- _Problem requirements_
Would you output the lines from the one containing "Condition: Vintage" through the final line of the entries, exactly and with pictures omitted?

[Record excerpts]

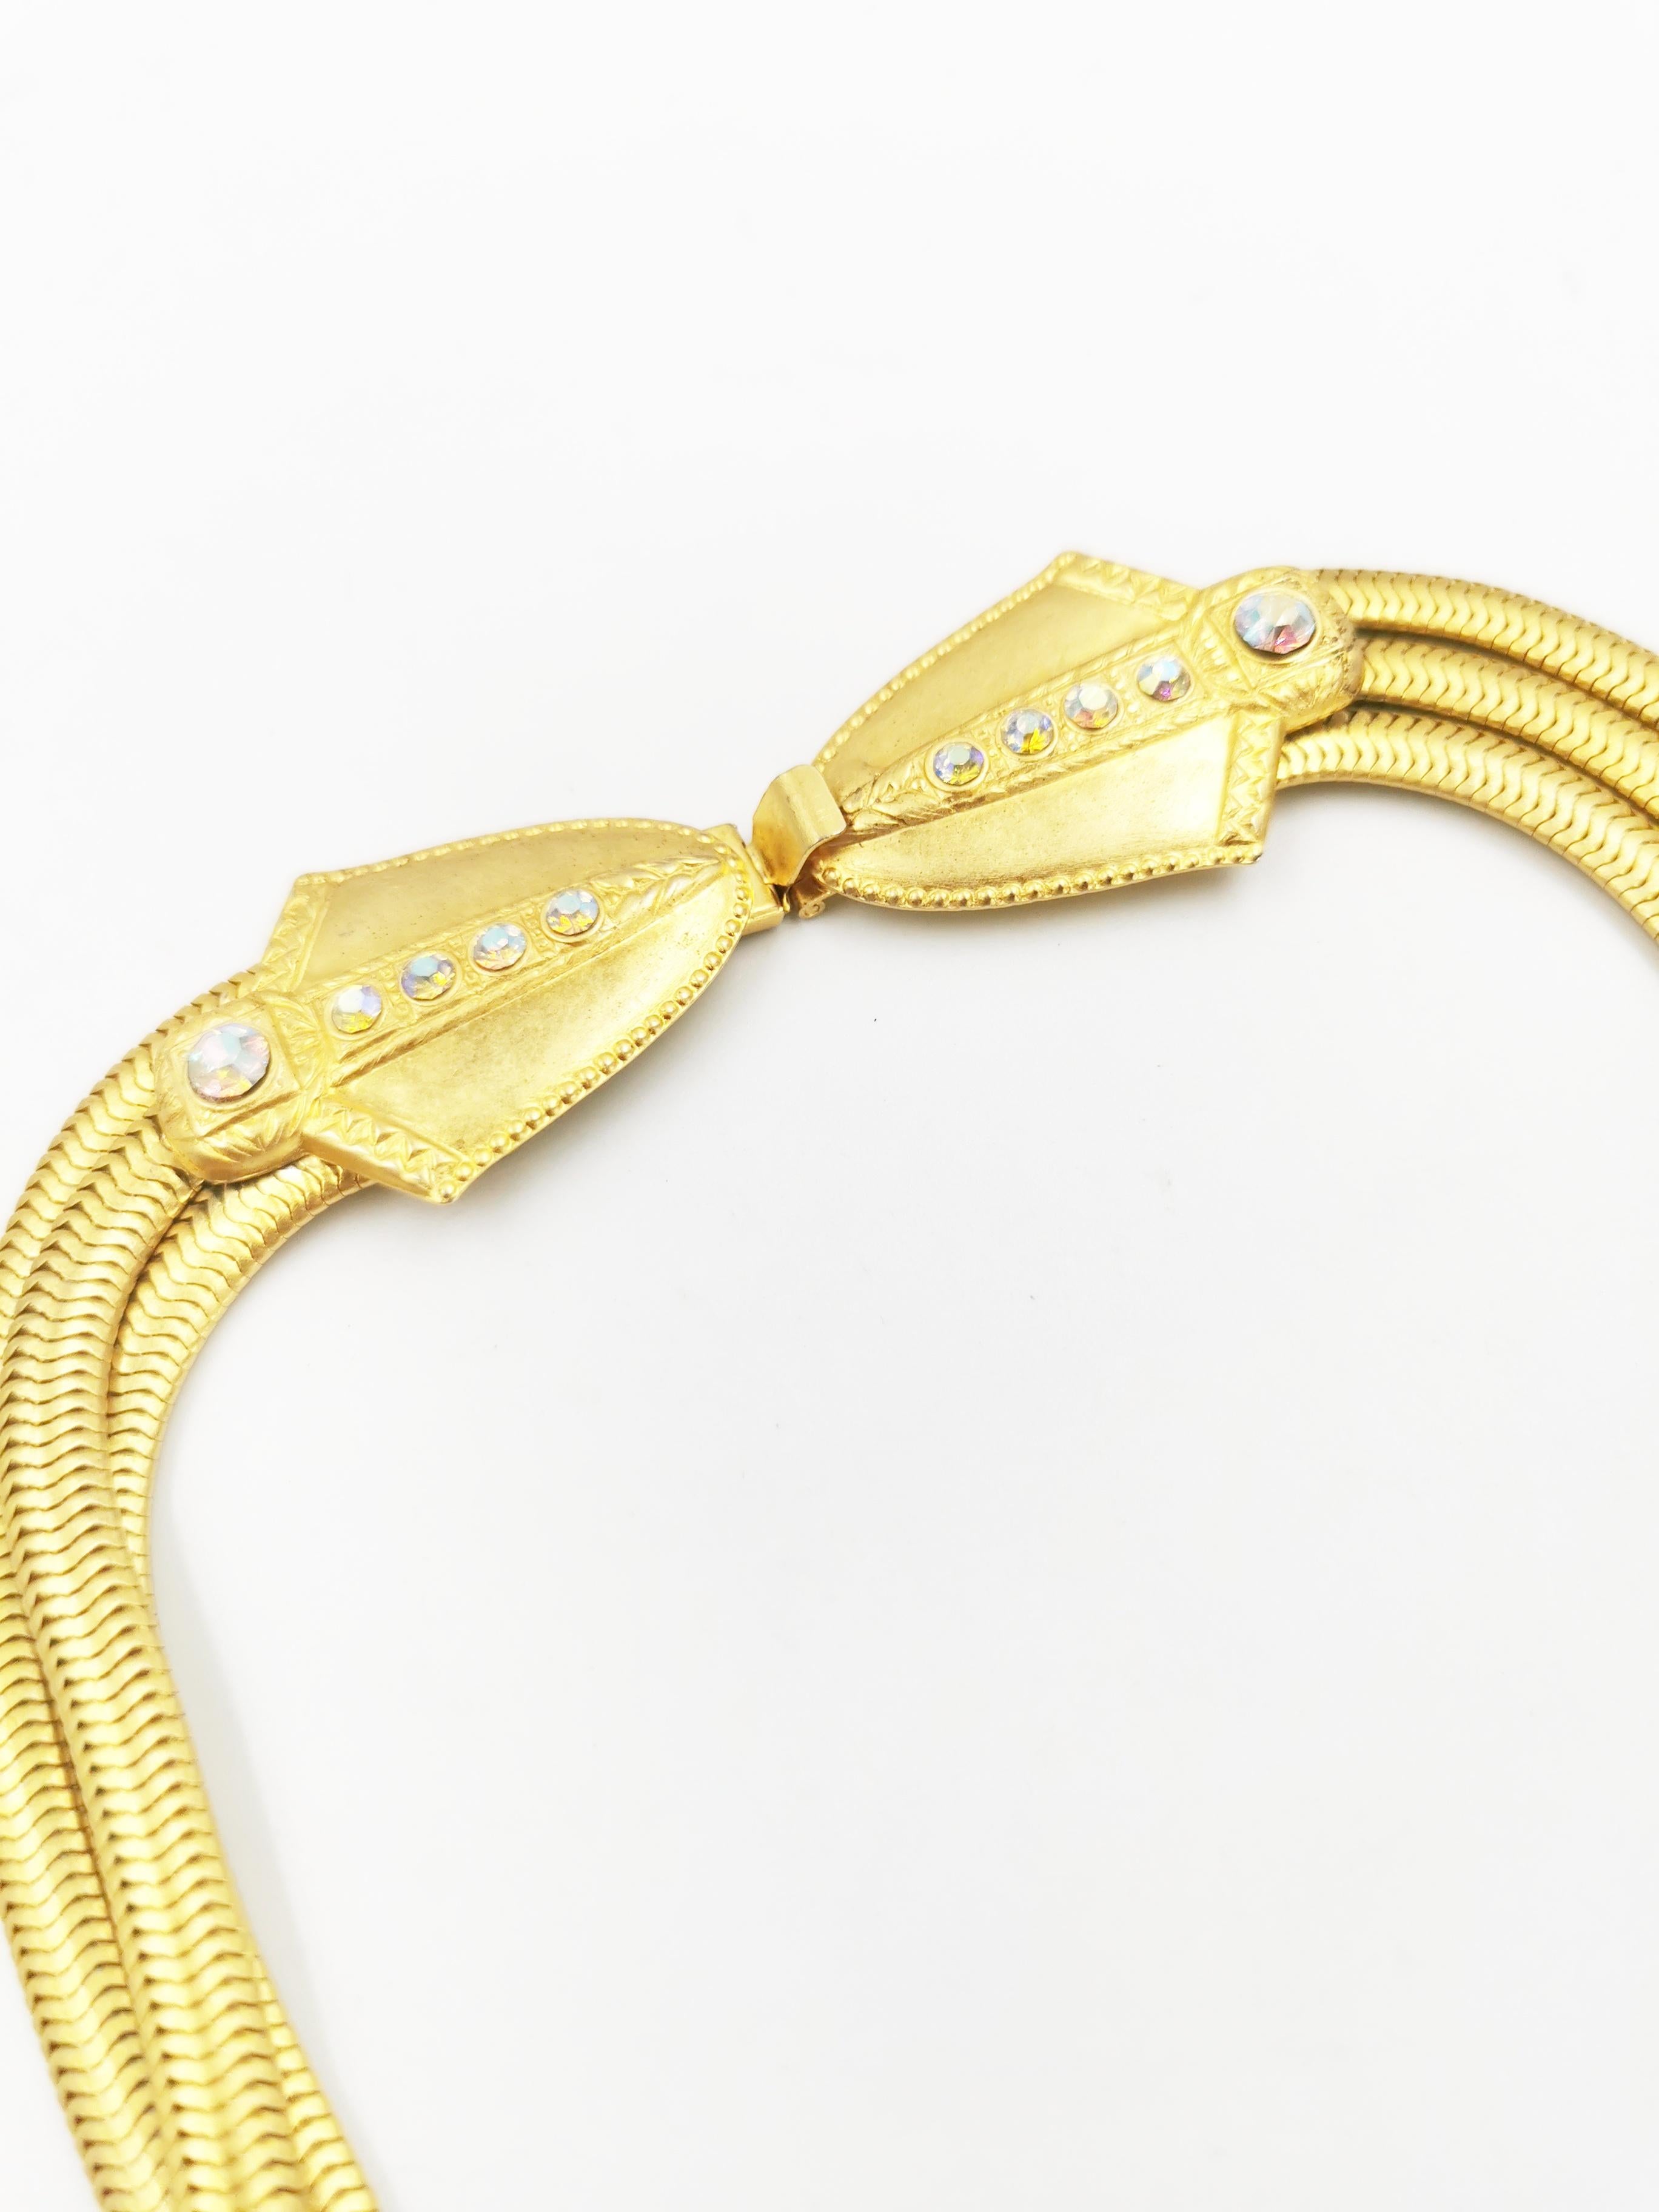 Vintage Gianni Versace Hoop Choker. A versace collector piece!

Feature
Material: Metal
Condition: Vintage
Colour: Gold
Period: 1990-
Place of Origin: Italy
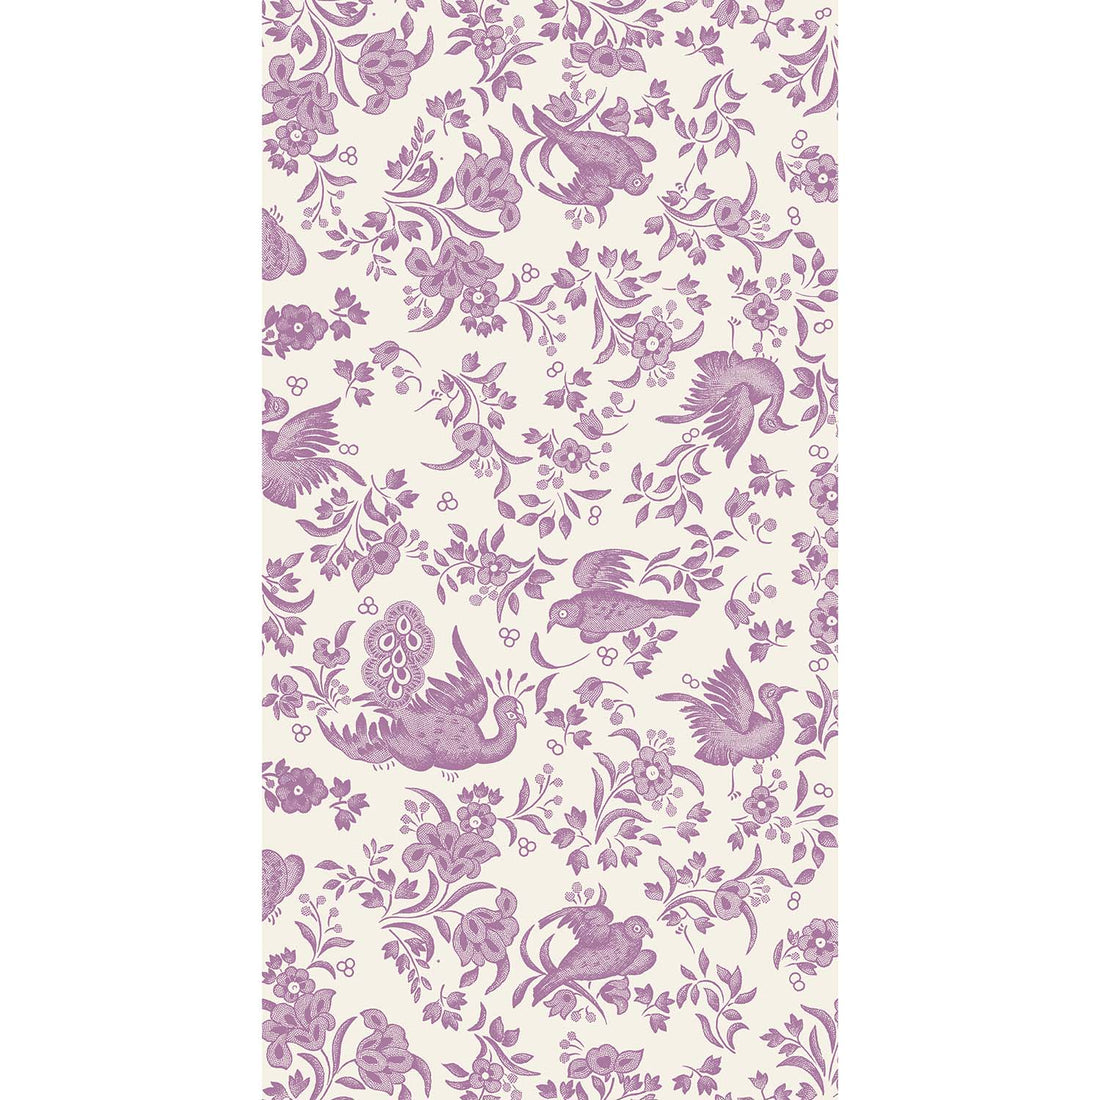 A rectangle guest napkin featuring a lilac purple bird and floral pattern on a white background, inspired by the ornamental bird pattern from Burleigh.

[/Record excerpts]

- _Exercise result_
Condition: Vintage
Colour: Gold
Period: 1990-
Place of Origin: Italy
 A rectangle guest napkin featuring a lilac purple bird and floral pattern on a white background, inspired by the ornamental bird pattern from Burleigh.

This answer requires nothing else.